How can I create a ply rule for recognizing CRs?
Question
I have trouble with distinguishing between \r (0x0d) and \n (0x0a) in my PLY lexer.
A minimal example is the following program
import ply.lex as lex
# token names
tokens = ('CR', 'LF')
# token regexes
t_CR = r'\r'
t_LF = r'\n'
# chars to ignore
t_ignore = 'abc \t'
# Build the lexer
lexer = lex.lex()
# lex
f = open('foo', 'r')
lexer.input(f.read())
while True:
tok = lexer.token()
if not tok: break
print(tok)
Now creating a file foo as follows:
printf "a\r\n\r\rbc\r\n\n\r" > foo
Verifying that it looks ok:
hd foo
00000000 61 0d 0a 0d 0d 62 63 0d 0a 0a 0d |a....bc....|
0000000b
Now I had assumed that I would get some CR and some LF tokens, but:
python3 crlf.py
WARNING: No t_error rule is defined
LexToken(LF,'\n',1,1)
LexToken(LF,'\n',1,2)
LexToken(LF,'\n',1,3)
LexToken(LF,'\n',1,6)
LexToken(LF,'\n',1,7)
LexToken(LF,'\n',1,8)
it turns out I only get LF tokens.
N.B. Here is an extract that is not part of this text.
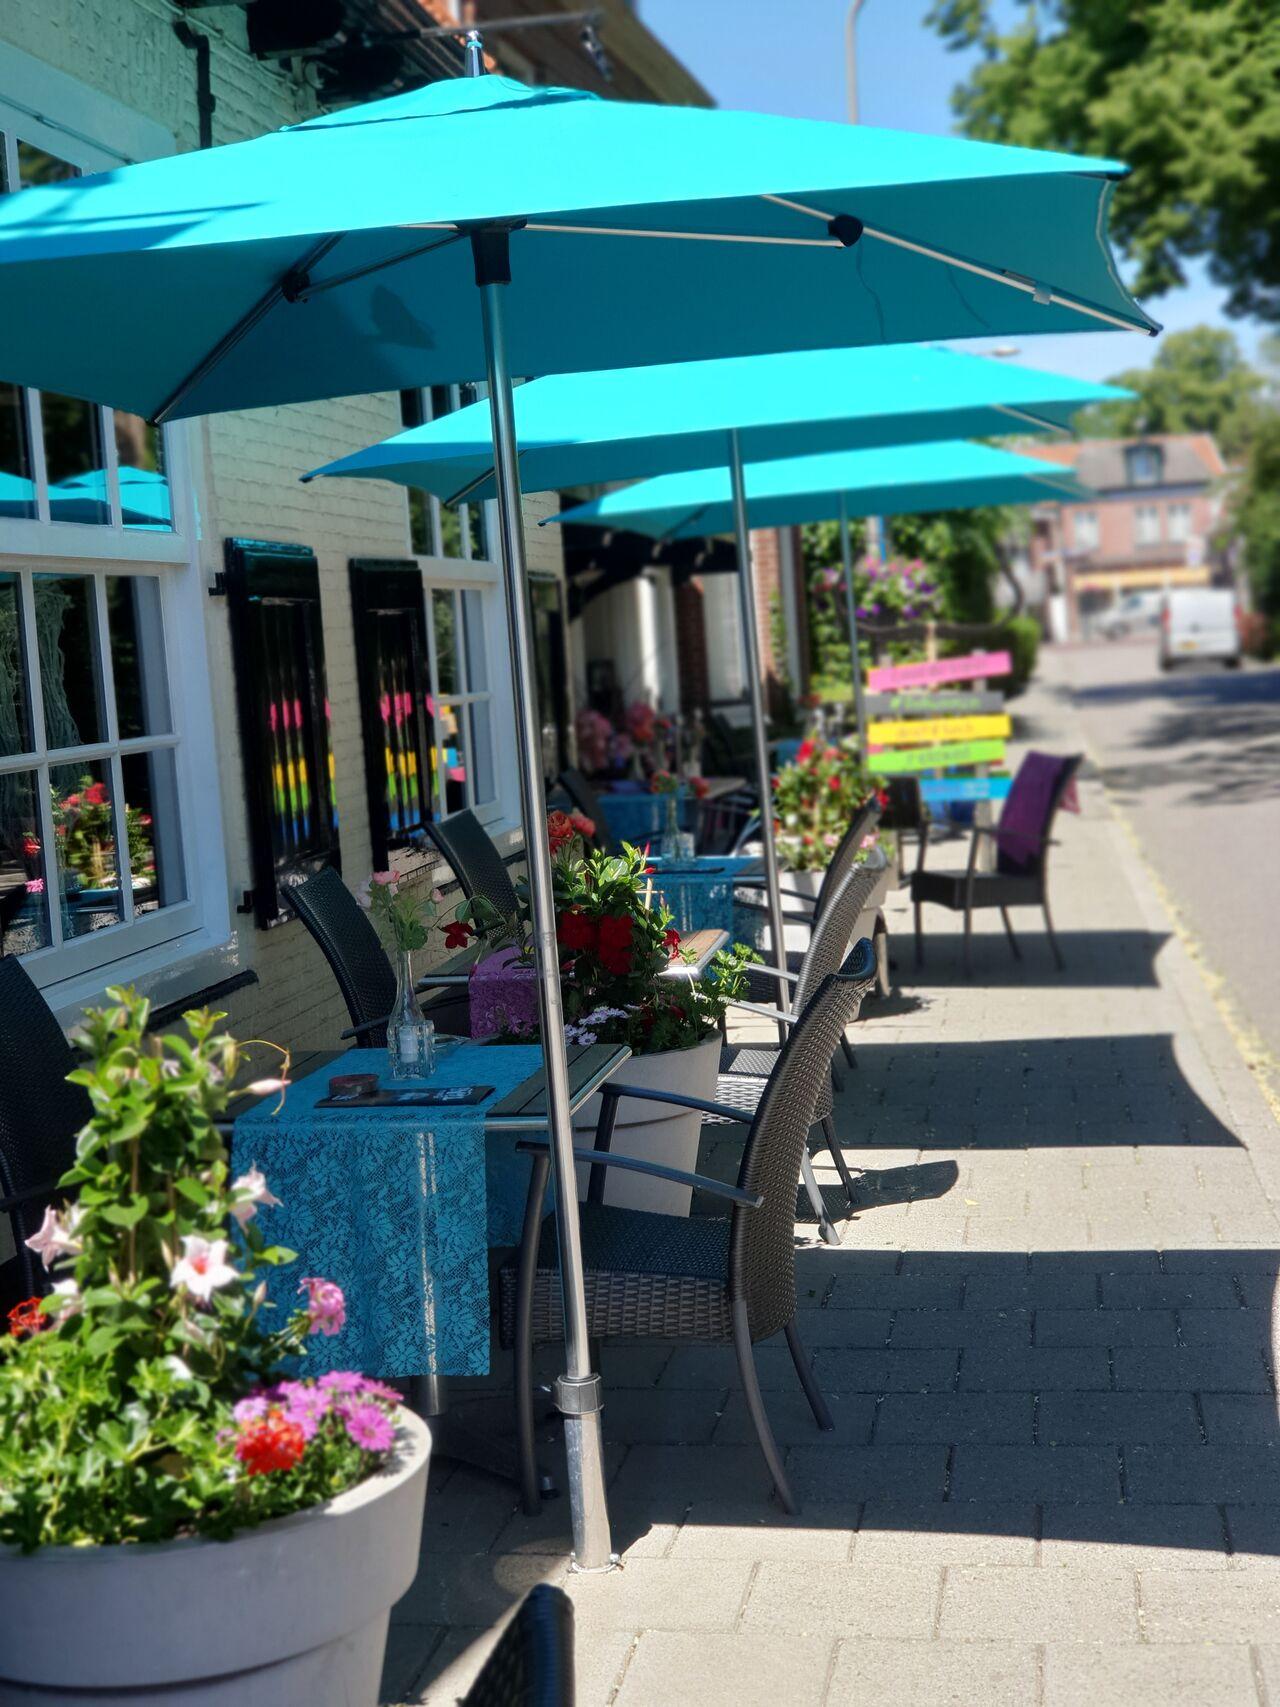 Het gezellige terras. Hier kun je zonder reservering lekker genieten van een wijntje, tapas en de zon.

I would like to know why this happens, and how I should do it instead.
This is Python 3.2.3 on Ubuntu 12.04
Solution
You open the file in the default mode. In that mode, newline=None
, meaning (among other things) that any of \r
, \n
and \r\n
are treated as end of line and converted into a single \n
character. See the open documentation for details.
You can disable this behavior by passing newline=''
to open
, which means it'll accept any kind of newline but not normalize them to \n
.